Больше мне сказать было нечего.

В общежитие мы возвращались молча. Извозчика так и не взяли, хотя спрятанного Флиппа никто бы не увидел. В комнате, которую мы вот уже четыре месяца снимали вдвоем, как семейная пара, Рида развязала наш мешок и принялась копаться в нем, чтобы уложить все удобнее и заодно успокоиться.
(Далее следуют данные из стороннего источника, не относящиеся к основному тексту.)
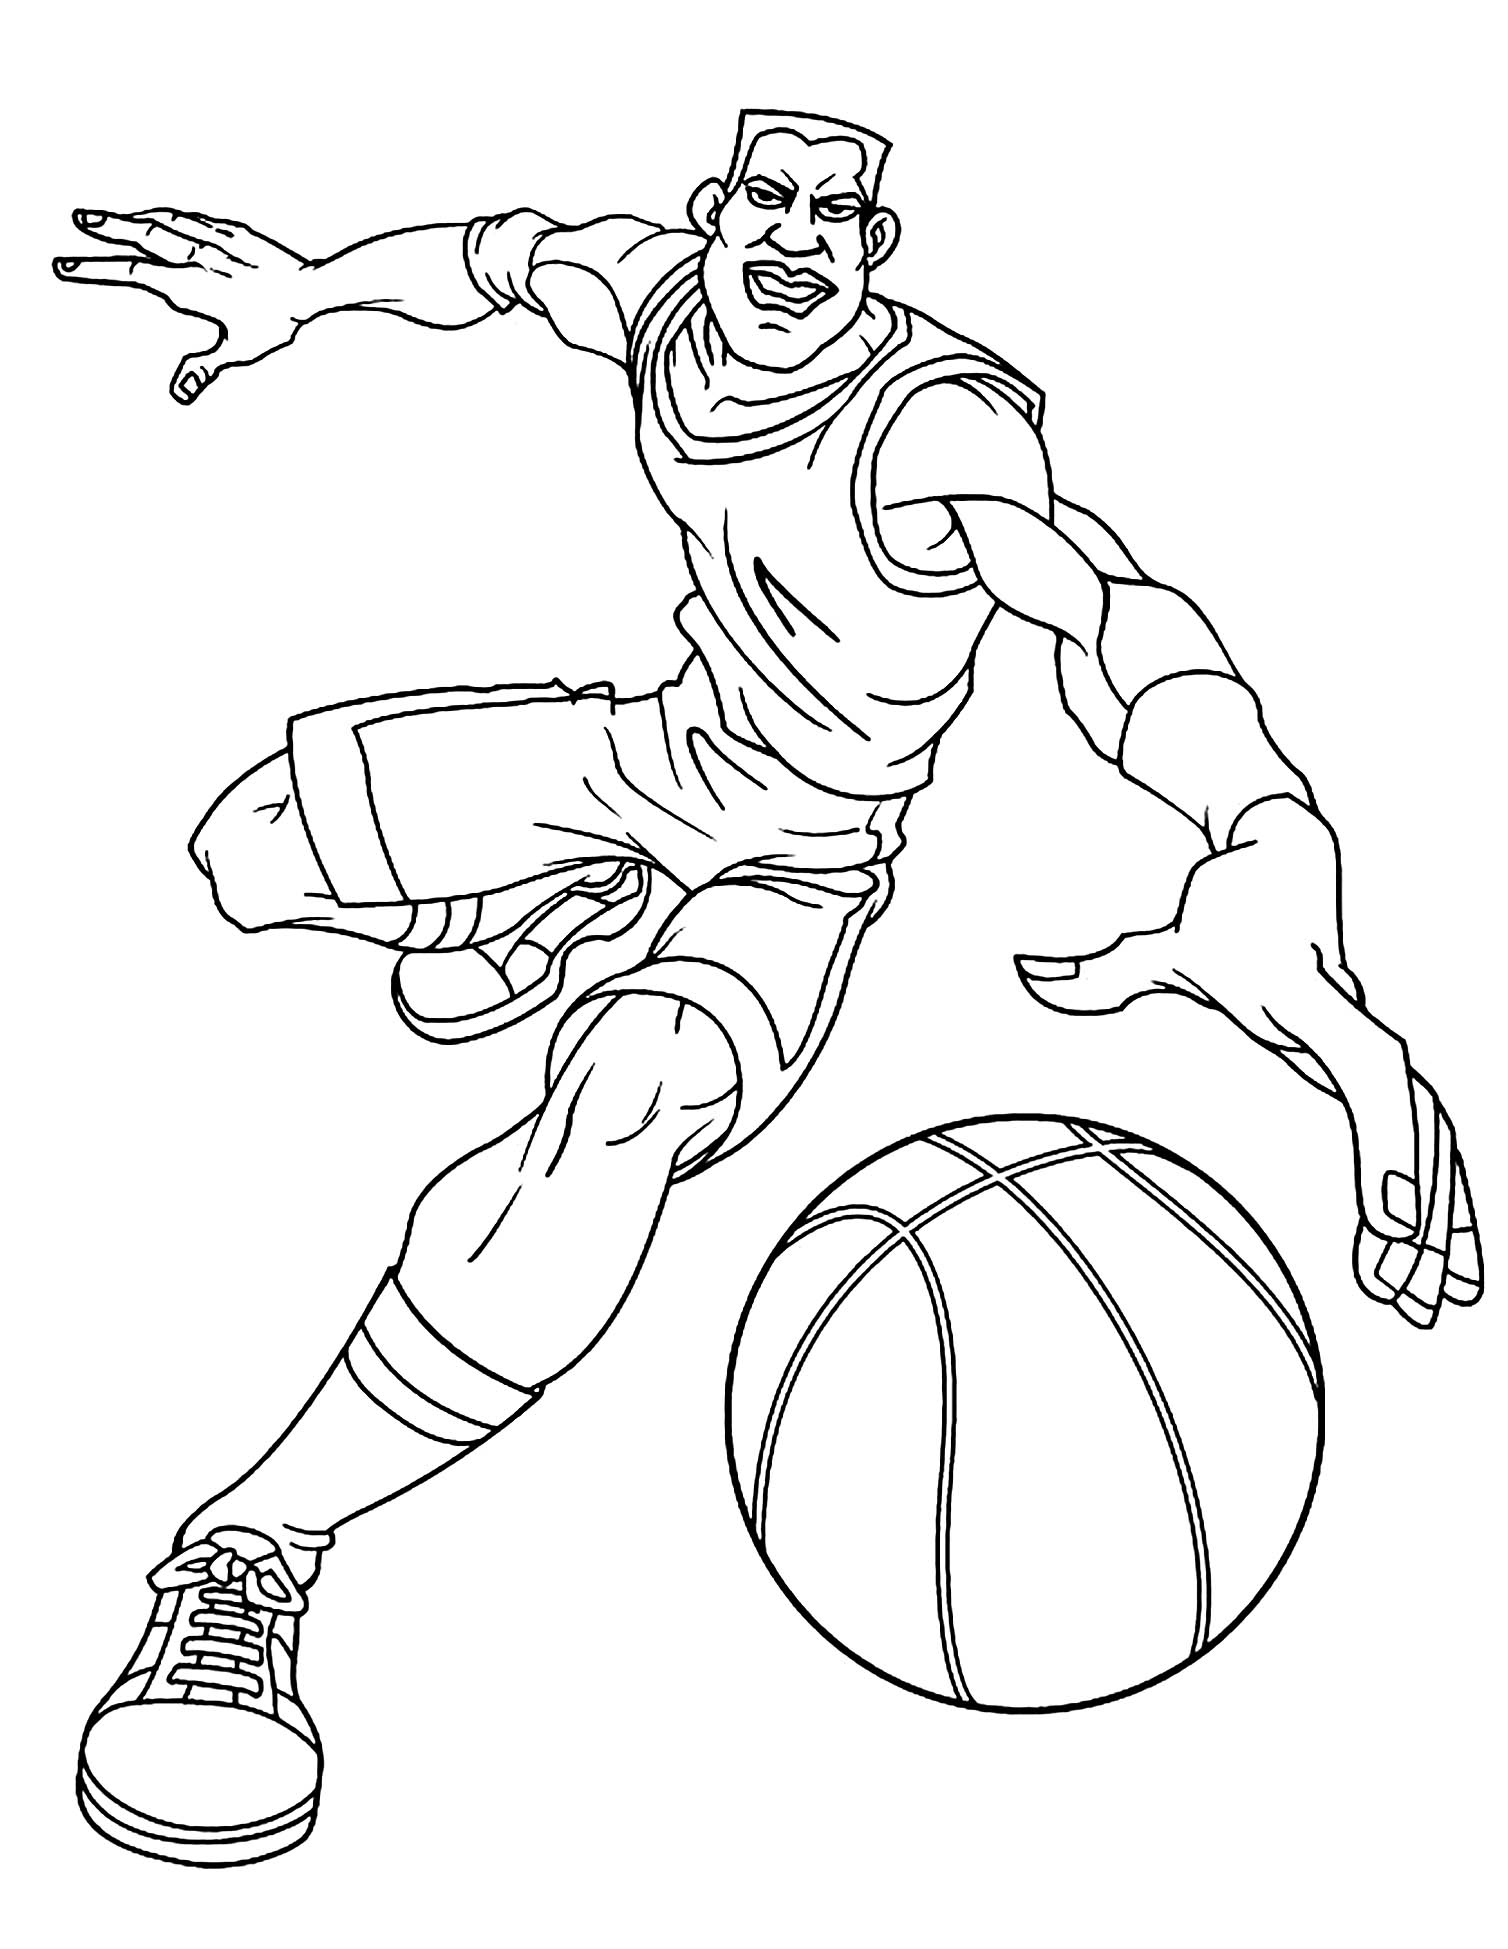 Dibujos para colorear de Baloncesto para niños

Я собрал испачканную одежду и отправился стирать ее и отмываться от крови и грязи, благо что по ночам в общей кухне можно было заниматься совершенно спокойно еще и не такими вещами.

Провозился я довольно долго, так что, когда вернулся, Рида уже лежала в своей постели, повернувшись лицом к стенке. Дышала она тихо и ровно, и я подумал, что она спит. В комнате горел масляный светильник, я решил потушить его. Но, когда подошел к столу, на котором он стоял, Рида попросила:

 - Оставь.

 - Ладно, - отозвался я. На Риду иногда находило. Кто бы мог подумать, что девушка, способная убить и расчленить чудовище, иногда спит со светом - но с кем не бывает.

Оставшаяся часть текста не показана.